With the pictures removed, please write out every line below exactly as given.

──────── Source material ────────

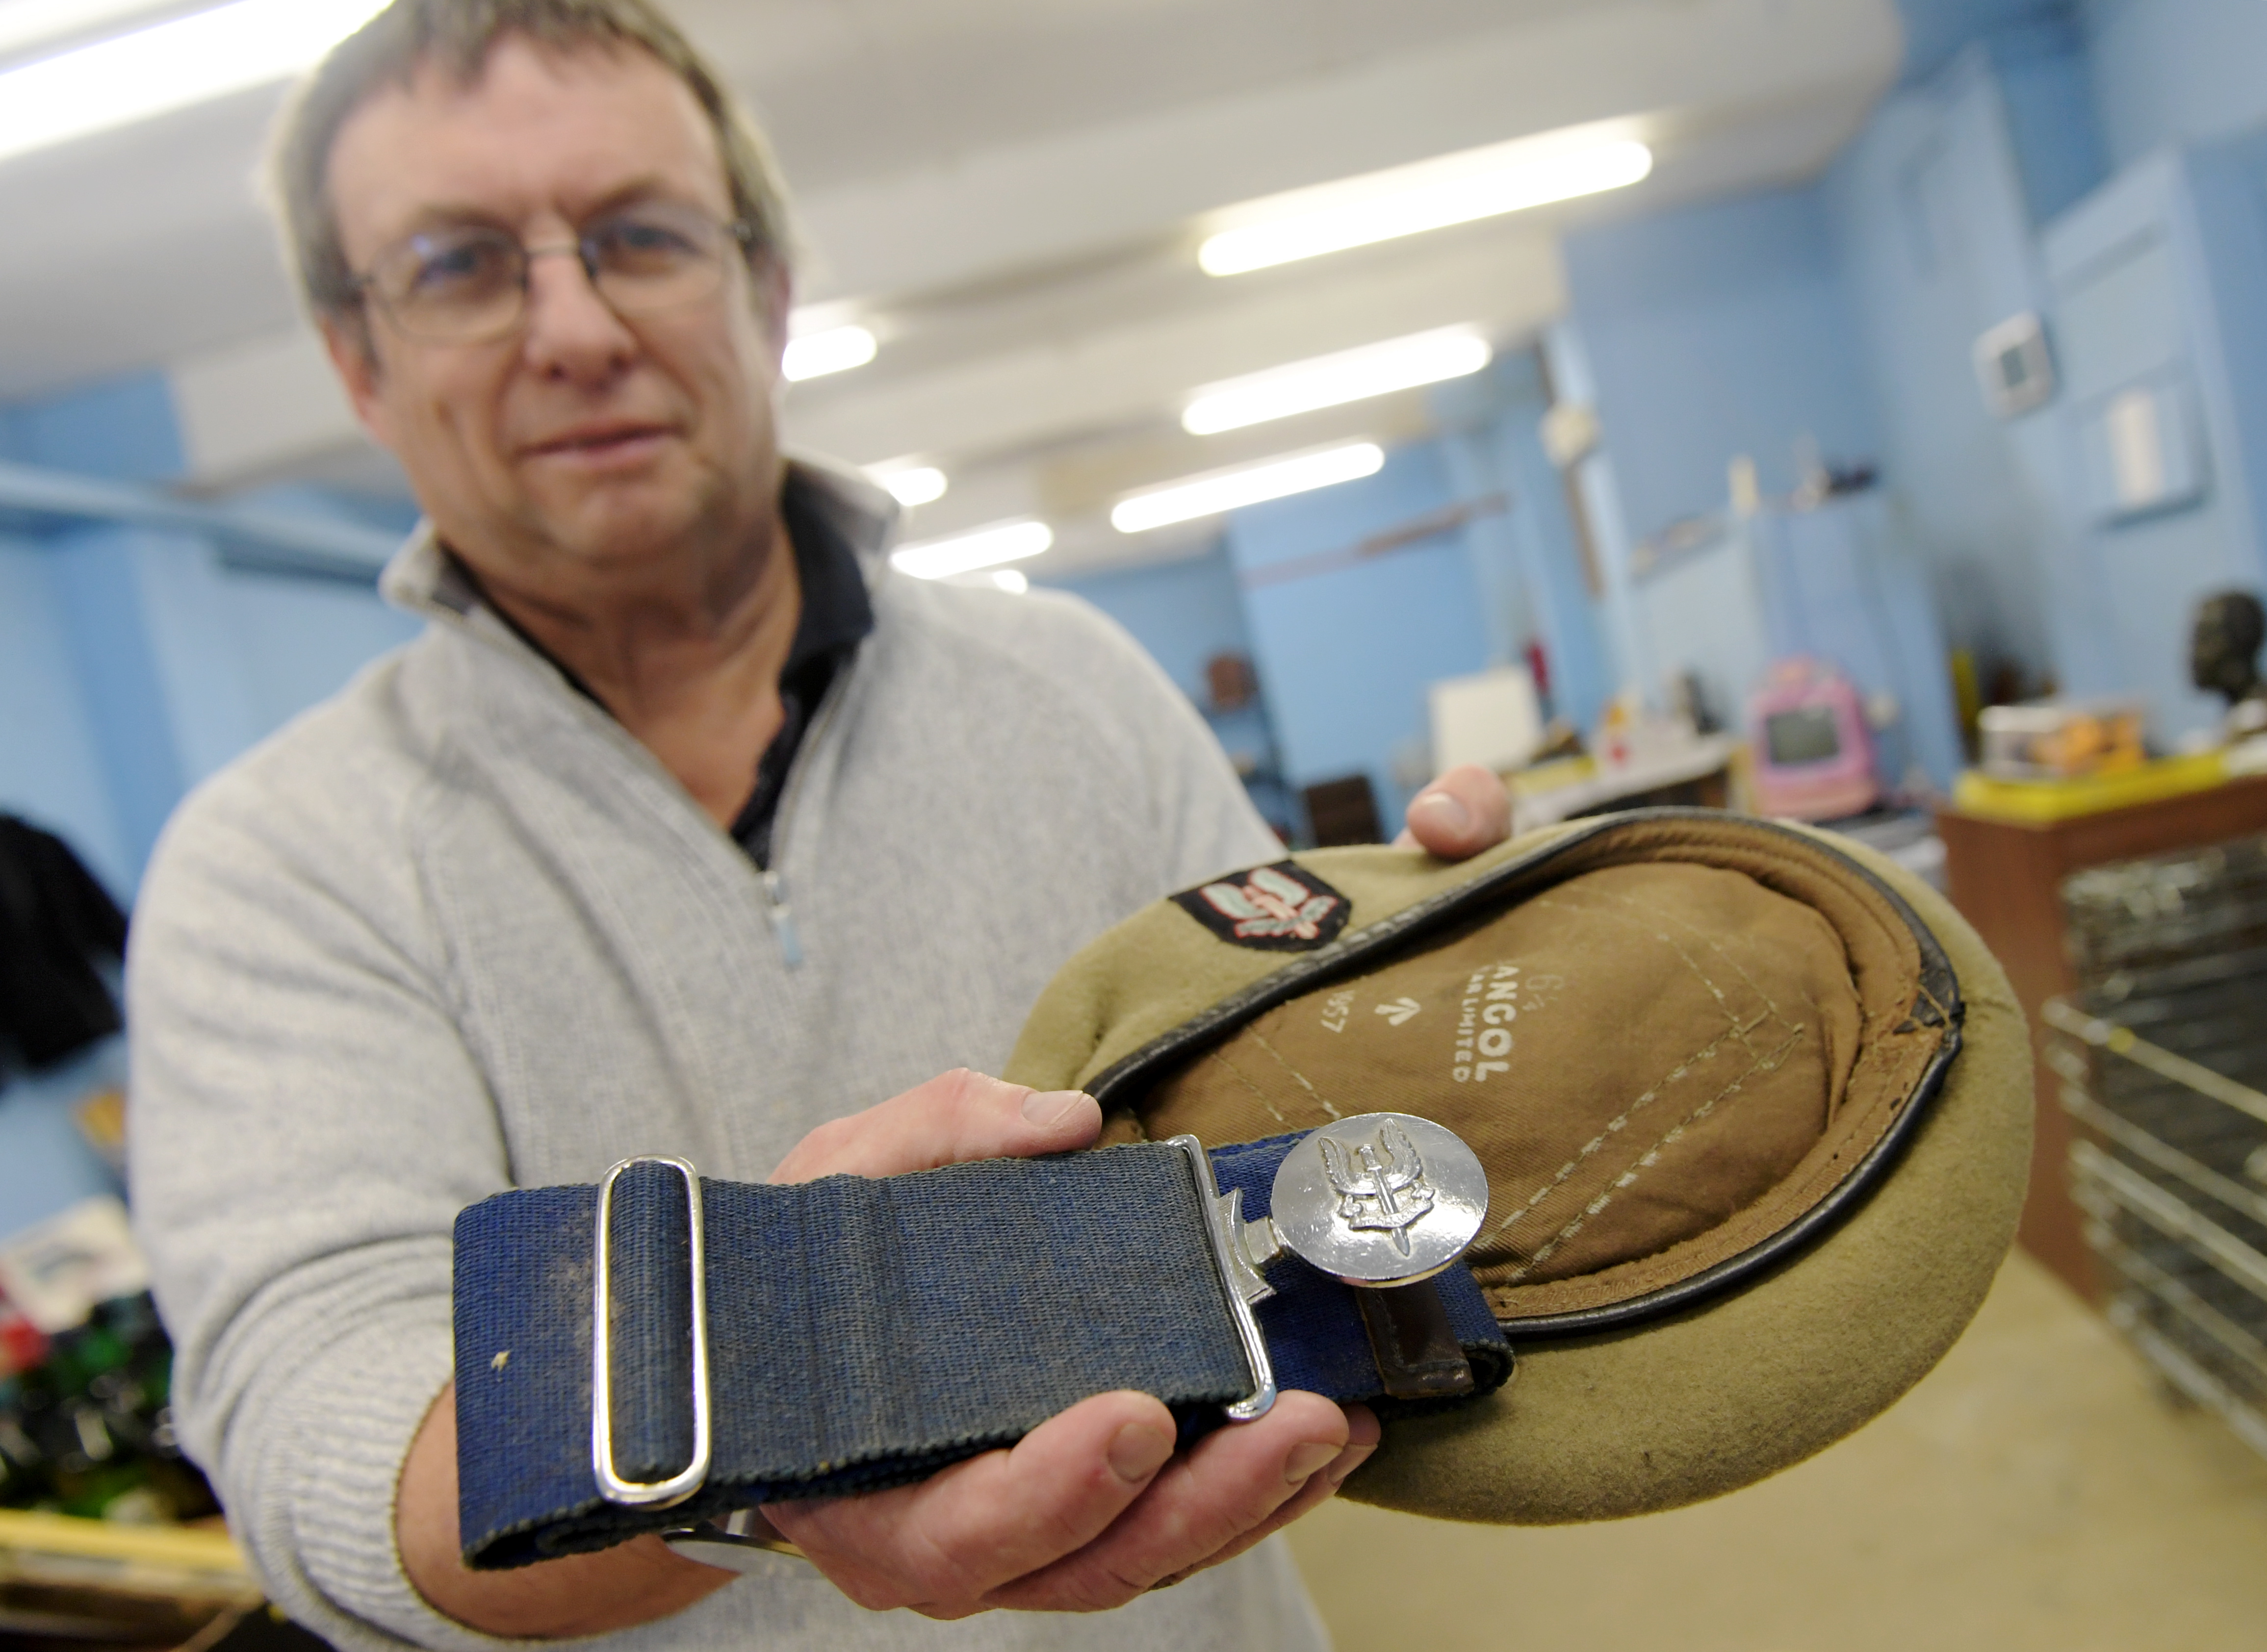 Inverbervie auctioneer Dave Smith pictured with the rare soldier's belt and hat that he has found. 

Picture by KATH FLANNERY
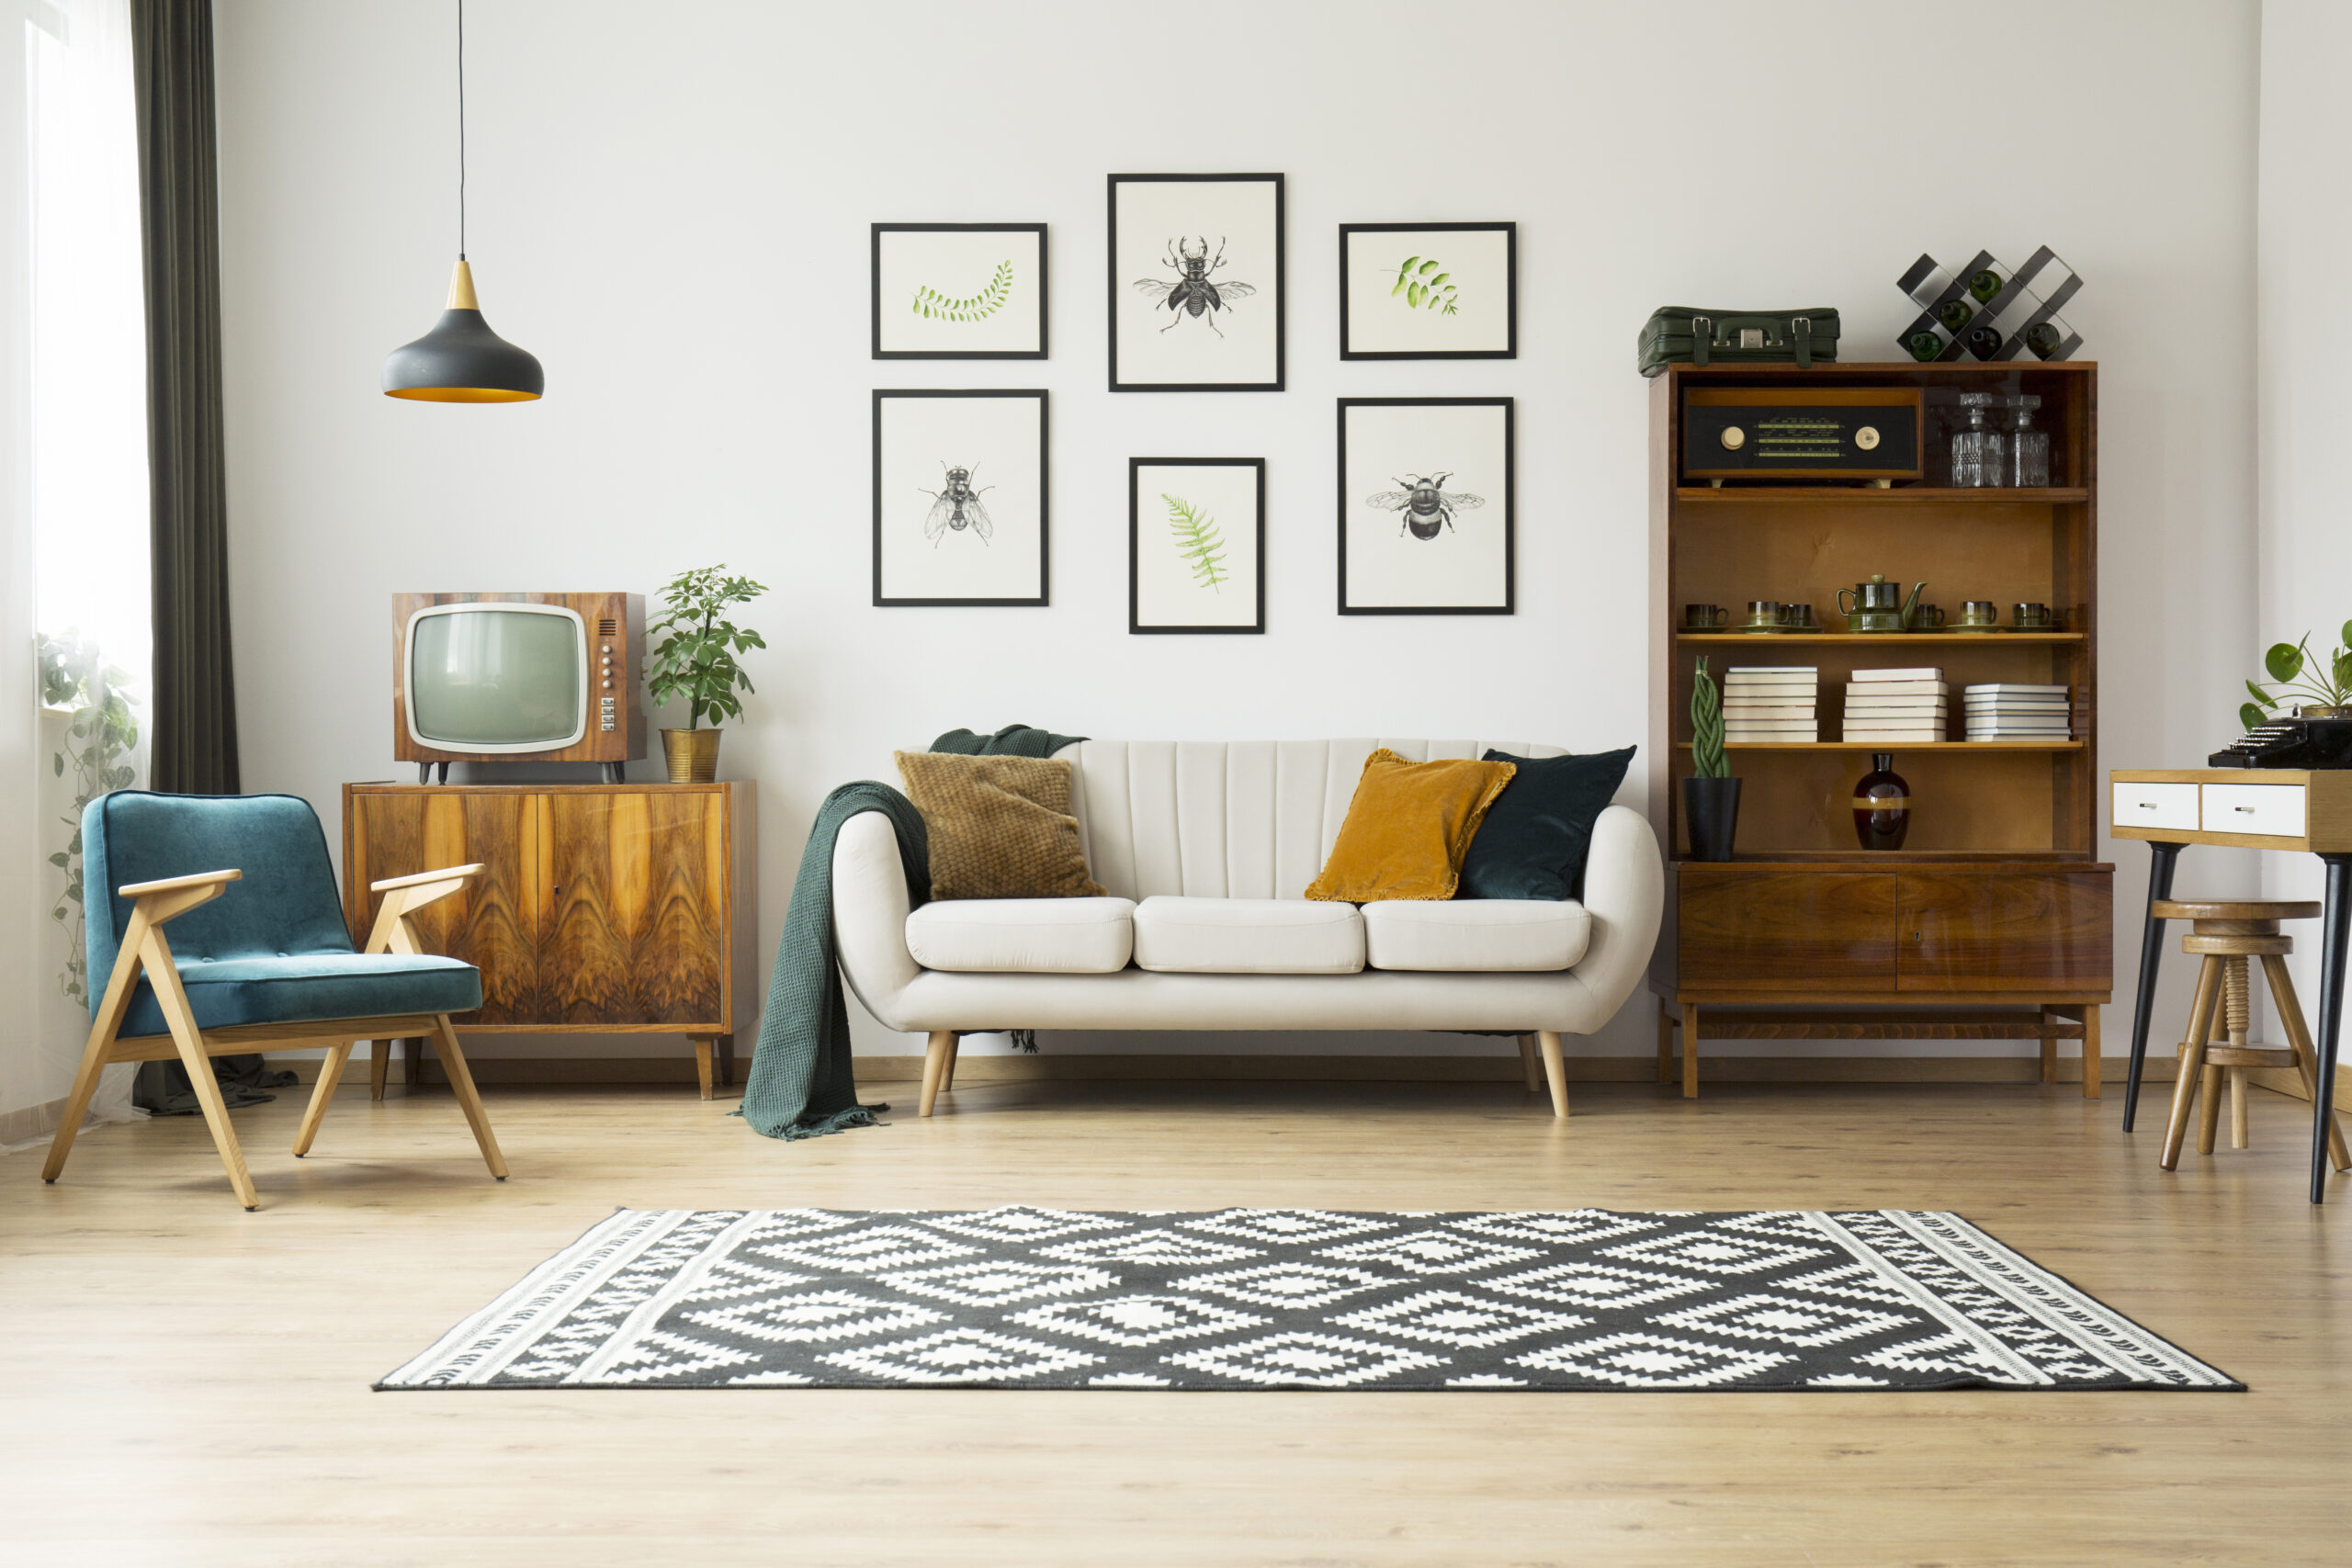 Vintage Retro Design Style Living Room with beige sofa and old TV and stereo

────────

### Completed task
 Inverbervie auctioneer Dave Smith pictured with the rare soldier's belt and hat that he has found. 

Picture by KATH FLANNERY
 Vintage Retro Design Style Living Room with beige sofa and old TV and stereo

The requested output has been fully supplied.